Construct Local Tree and Traversal

class boxtree.distributed.local_tree.LocalTree(root_extent: Array, box_centers: Array, box_parent_ids: Array, box_child_ids: Array, box_levels: Array, box_flags: Array | None, level_start_box_nrs: Array | None, box_id_dtype: dtype, box_level_dtype: dtype, coord_dtype: dtype, sources_have_extent: bool, targets_have_extent: bool, extent_norm: ExtentNorm, stick_out_factor: float, _is_pruned: bool, sources_are_targets: bool, particle_id_dtype: dtype, sources: Array, source_radii: Array, targets: Array, target_radii: Array, bounding_box: tuple[Array, Array], user_source_ids: Array, sorted_target_ids: Array, box_source_starts: Array, box_source_counts_nonchild: Array, box_source_counts_cumul: Array, box_target_starts: Array, box_target_counts_nonchild: Array, box_target_counts_cumul: Array, box_source_bounding_box_min: Array, box_source_bounding_box_max: Array, box_target_bounding_box_min: Array, box_target_bounding_box_max: Array, box_to_user_rank_starts: Array, box_to_user_rank_lists: Array, responsible_boxes_list: Array, responsible_boxes_mask: Array, ancestor_mask: Array)

Inherits from boxtree.Tree.

box_to_user_rank_starts

box_id_t [nboxes + 1]

box_to_user_rank_lists

int32 [*]

A CSR-like interaction list storage array, together with box_to_user_rank_starts. For each box, the list of ranks which own targets that use the multipole expansion at this box, via either List 3 or (possibly downward propagated from an ancestor) List 2.

boxtree.distributed.local_tree.generate_local_tree(actx: ArrayContext, global_traversal, responsible_boxes_list, comm)

Generate the local tree for the current rank.

This is an MPI-collective routine on comm.

Parameters:

• global_traversal – Global boxtree.traversal.FMMTraversalInfo object on host memory.
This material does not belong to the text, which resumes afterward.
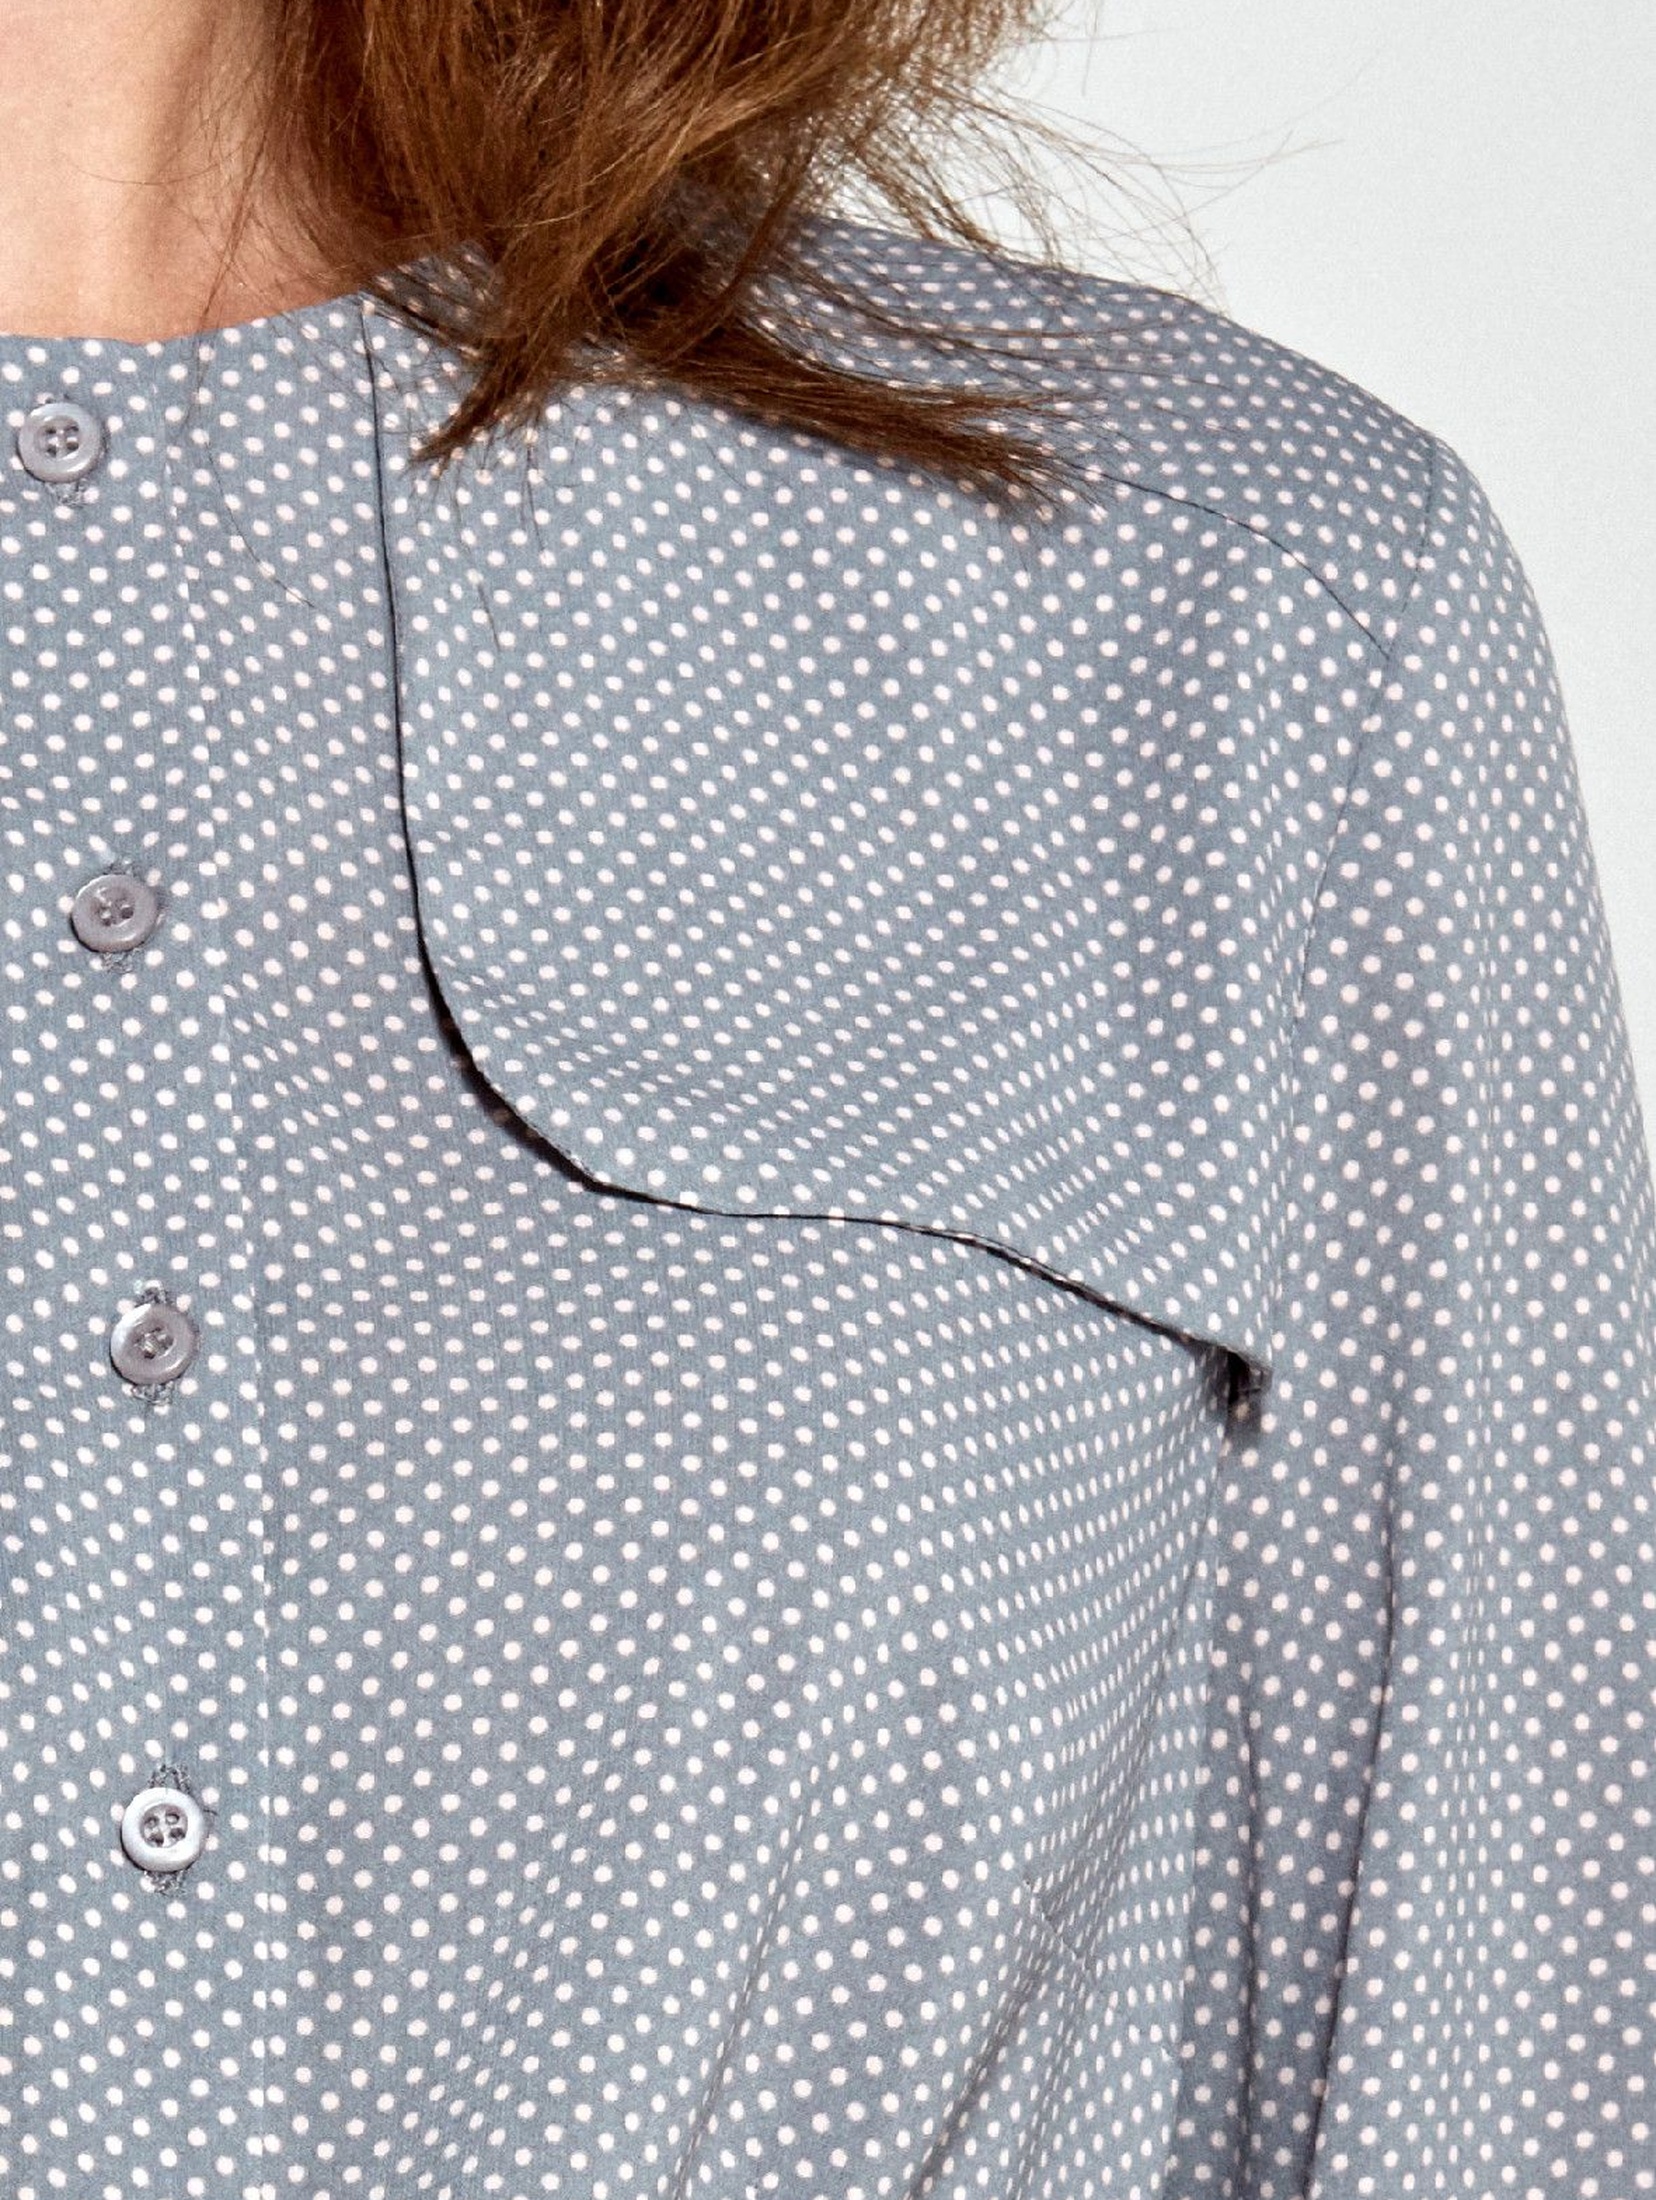 Szara bluzka damska z ozdobną klapą po lewej stronie- szara w kropki

• responsible_boxes_list – a numpy.ndarray object containing the responsible boxes of the current rank.

Returns:

a tuple of (local_tree, src_idx, tgt_idx), where local_tree is an object with class boxtree.distributed.local_tree.LocalTree of the generated local tree, src_idx is the indices of the local sources in the global tree, and tgt_idx is the indices of the local targets in the global tree. src_idx and tgt_idx are needed for distributing source weights from root rank and assembling calculated potentials on the root rank.
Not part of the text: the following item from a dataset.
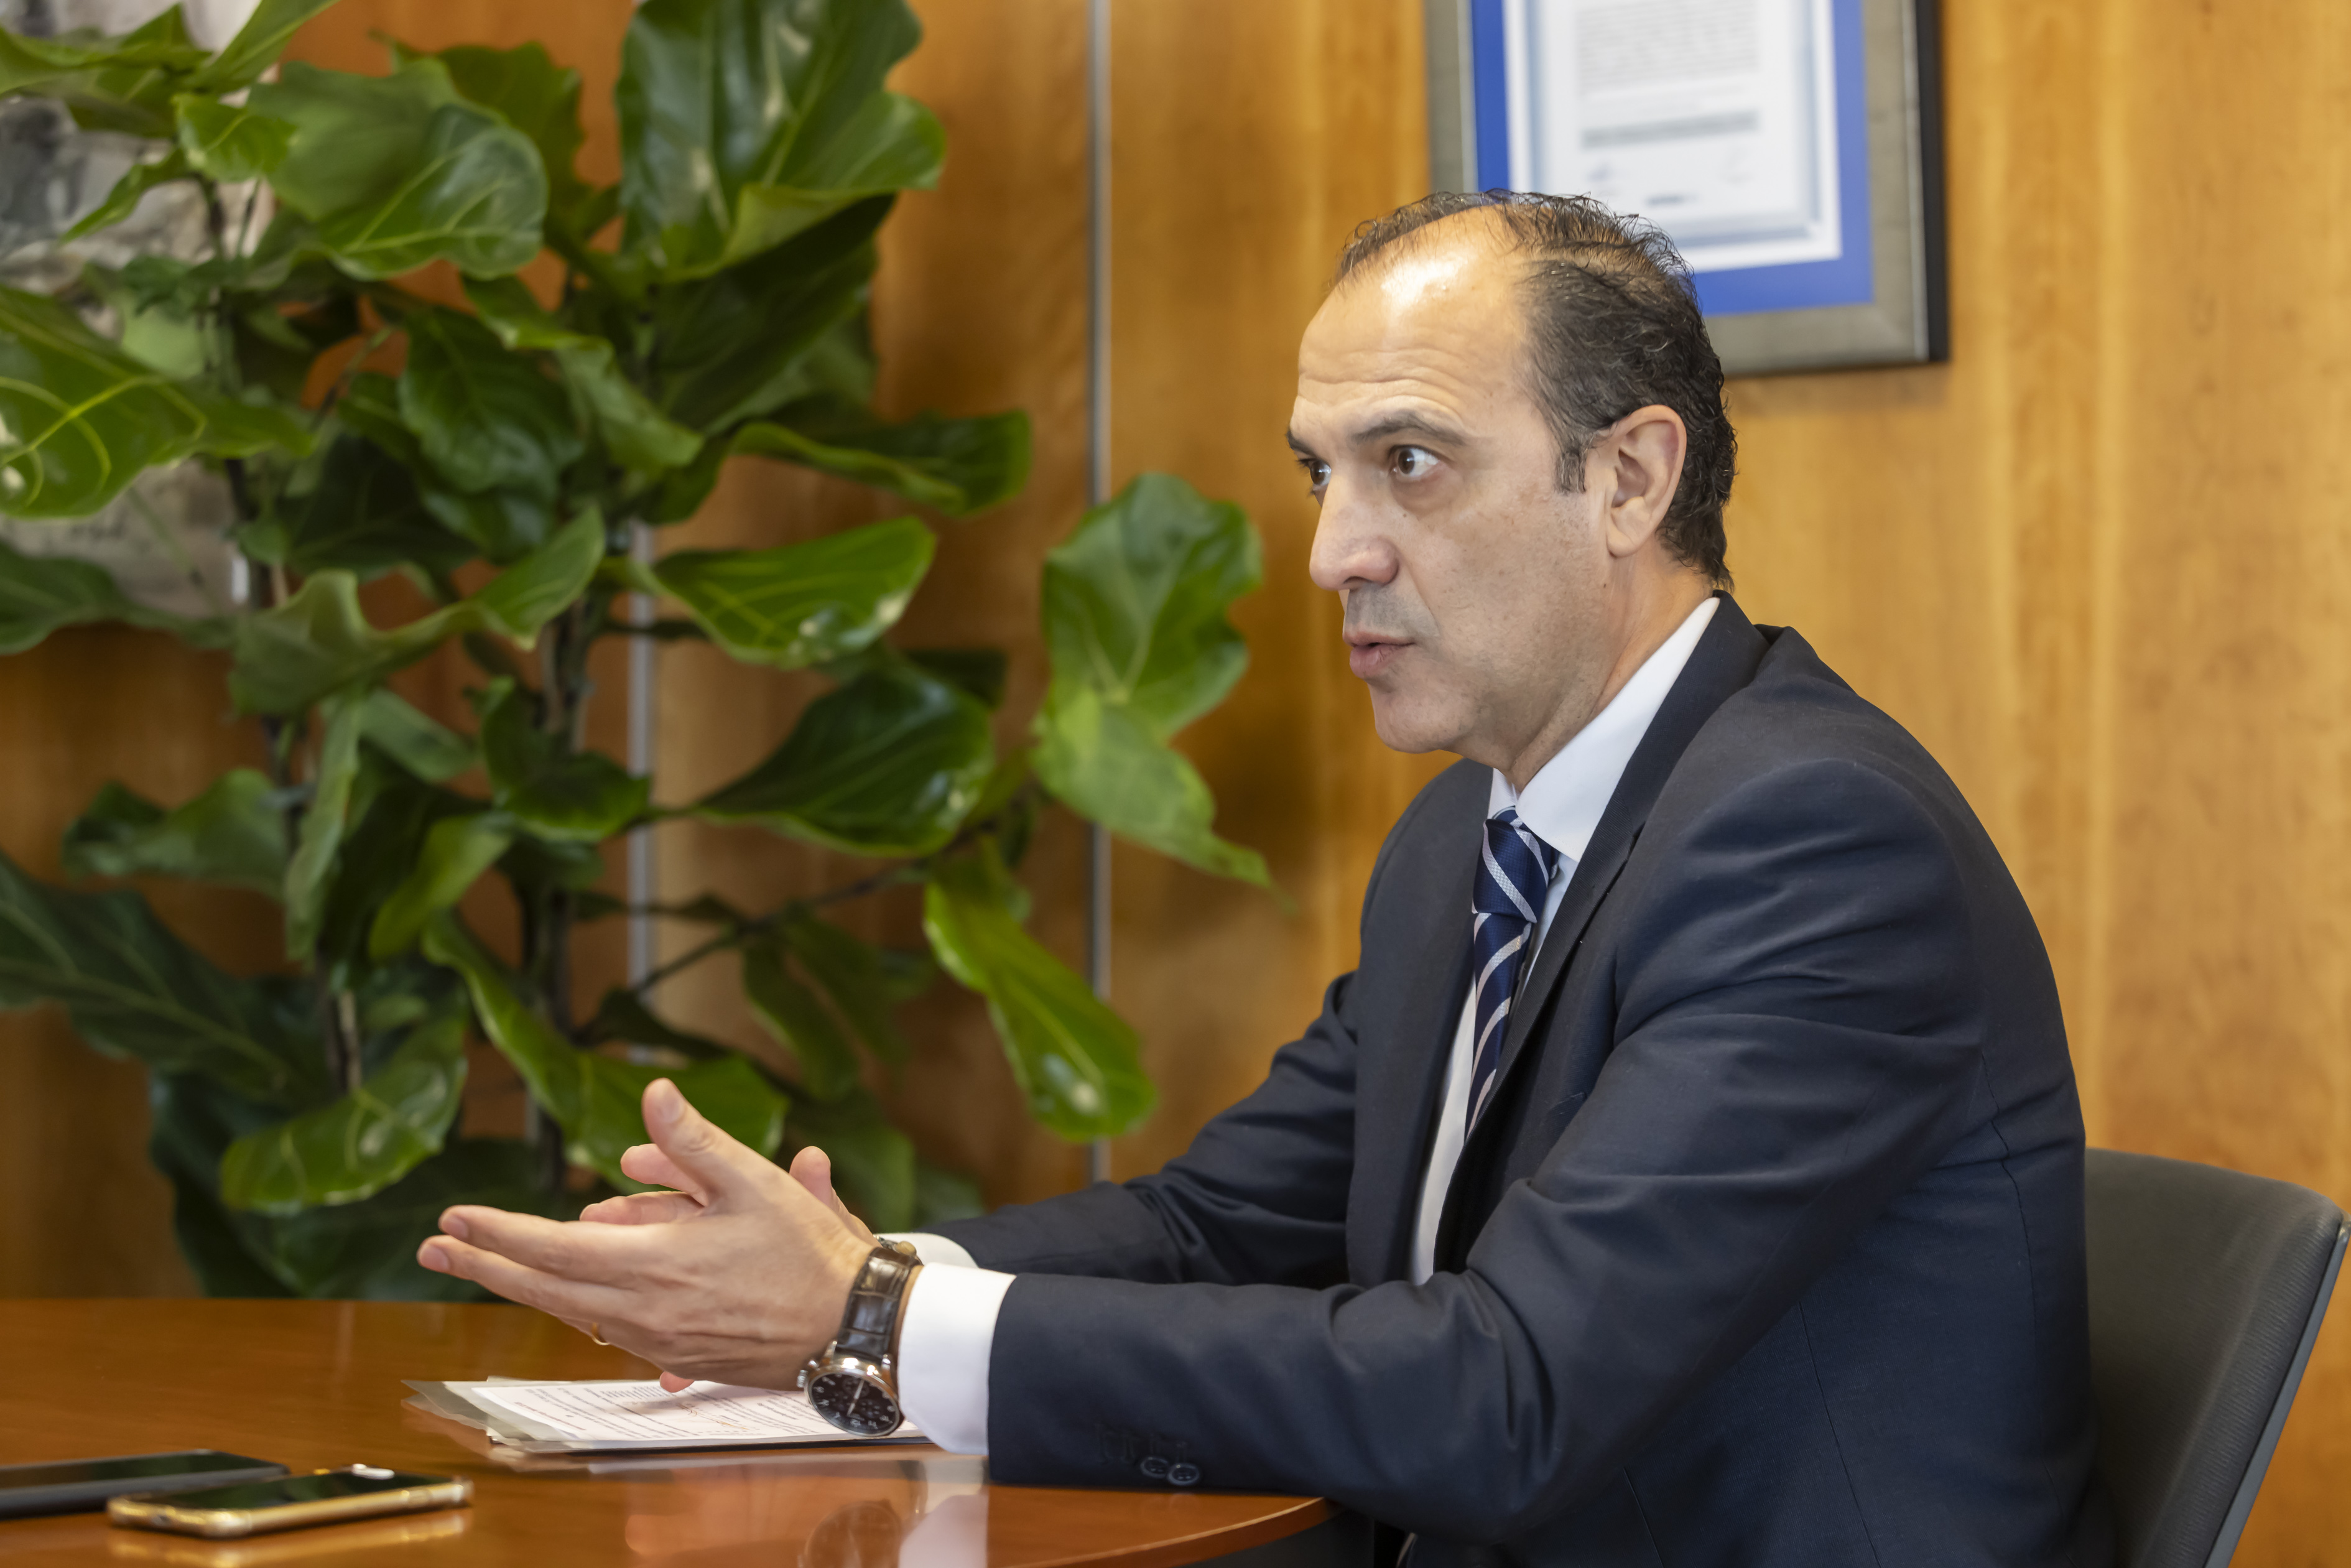 José Luis Bancalero interviewed by HERALDO

boxtree.distributed.local_traversal.generate_local_travs(actx, local_tree, traversal_builder, merge_close_lists=False)

Generate local traversal from local tree.

Parameters:

• local_tree – the local tree on which the local traversal object will be constructed.

• traversal_builder – a function, taken a arraycontext.ArrayContext and a tree, returns the traversal object based on the tree.

Returns:

generated local traversal object in device memory

Distributed Wrangler

class boxtree.distributed.calculation.DistributedExpansionWranglerMixin

Distributed expansion wrangler base class.
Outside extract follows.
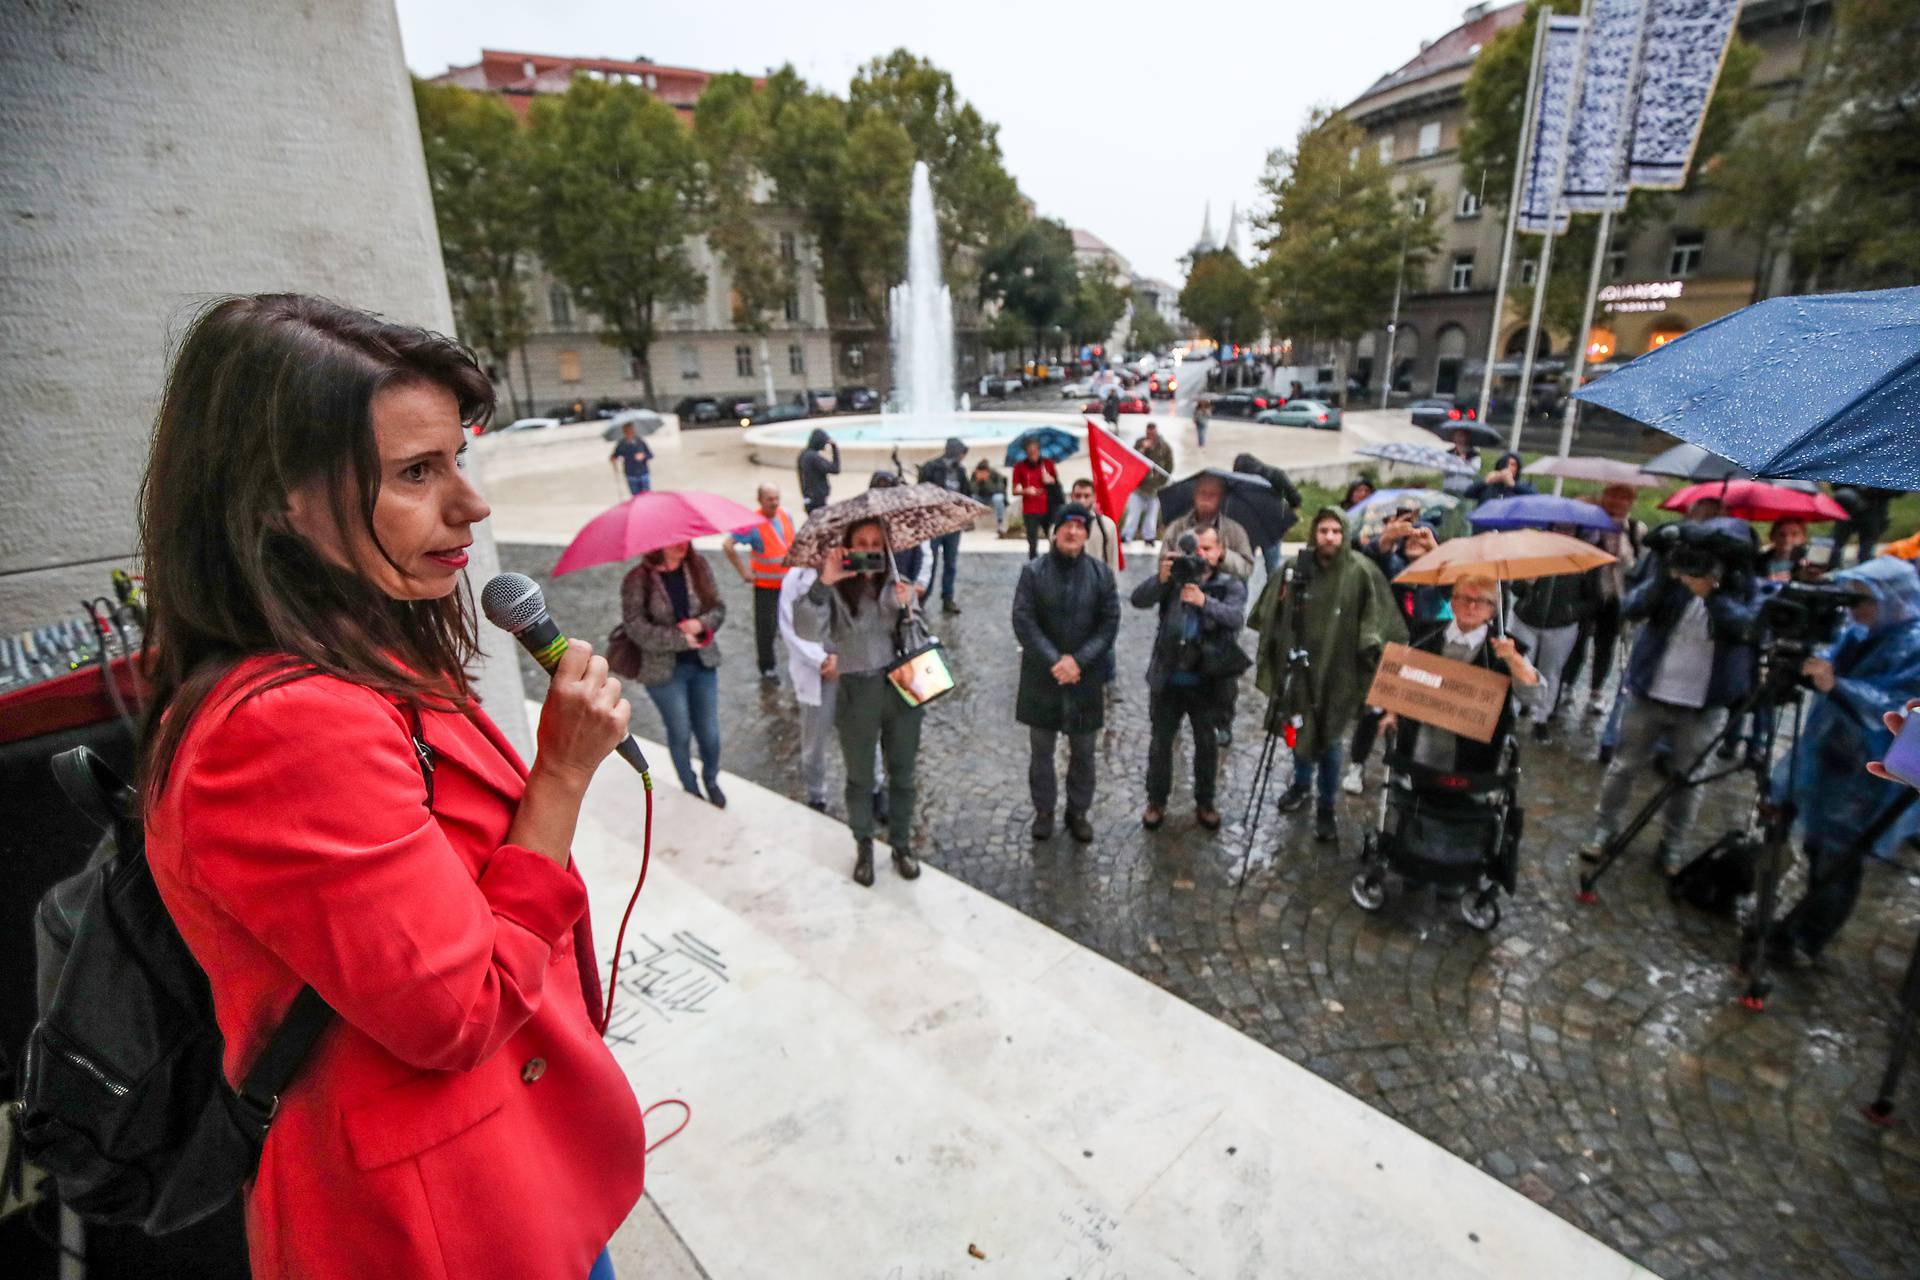 Zagreb: Prosvjedno okupljanje na Trgu žrtava fašizma pod nazivom "Za budućnost bez HDZ-a"

This class is meant to aid in adding distributed capabilities to wranglers. All distributed wranglers should inherit from this class.

comm

global_traversal

communicate_mpoles_via_allreduce

distribute_source_weights(actx: ArrayContext, src_weight_vecs, src_idx_all_ranks)

gather_potential_results(actx: ArrayContext, potentials, tgt_idx_all_ranks)

communicate_mpoles(actx: ArrayContext, mpole_exps, return_stats=False)

Based on Algorithm 3: Reduce and Scatter in Lashuk et al. [1].

The main idea is to mimic an allreduce as done on a hypercube network, but to decrease the bandwidth cost by sending only information that is relevant to the rank receiving the message.

[1]

Lashuk, Ilya, Aparna Chandramowlishwaran, Harper Langston, Tuan-Anh Nguyen, Rahul Sampath, Aashay Shringarpure, Richard Vuduc, Lexing Ying, Denis Zorin, and George Biros. “A massively parallel adaptive fast multipole method on heterogeneous architectures”, Communications of the ACM 55, no. 5 (2012): 101-109, DOI.

Distributed FMM Evaluation

The distributed version of the FMM evaluation shares the same interface as the shared-memory version. To evaluate FMM in a distributed manner, use a subclass of boxtree.distributed.calculation.DistributedExpansionWranglerMixin in boxtree.fmm.drive_fmm().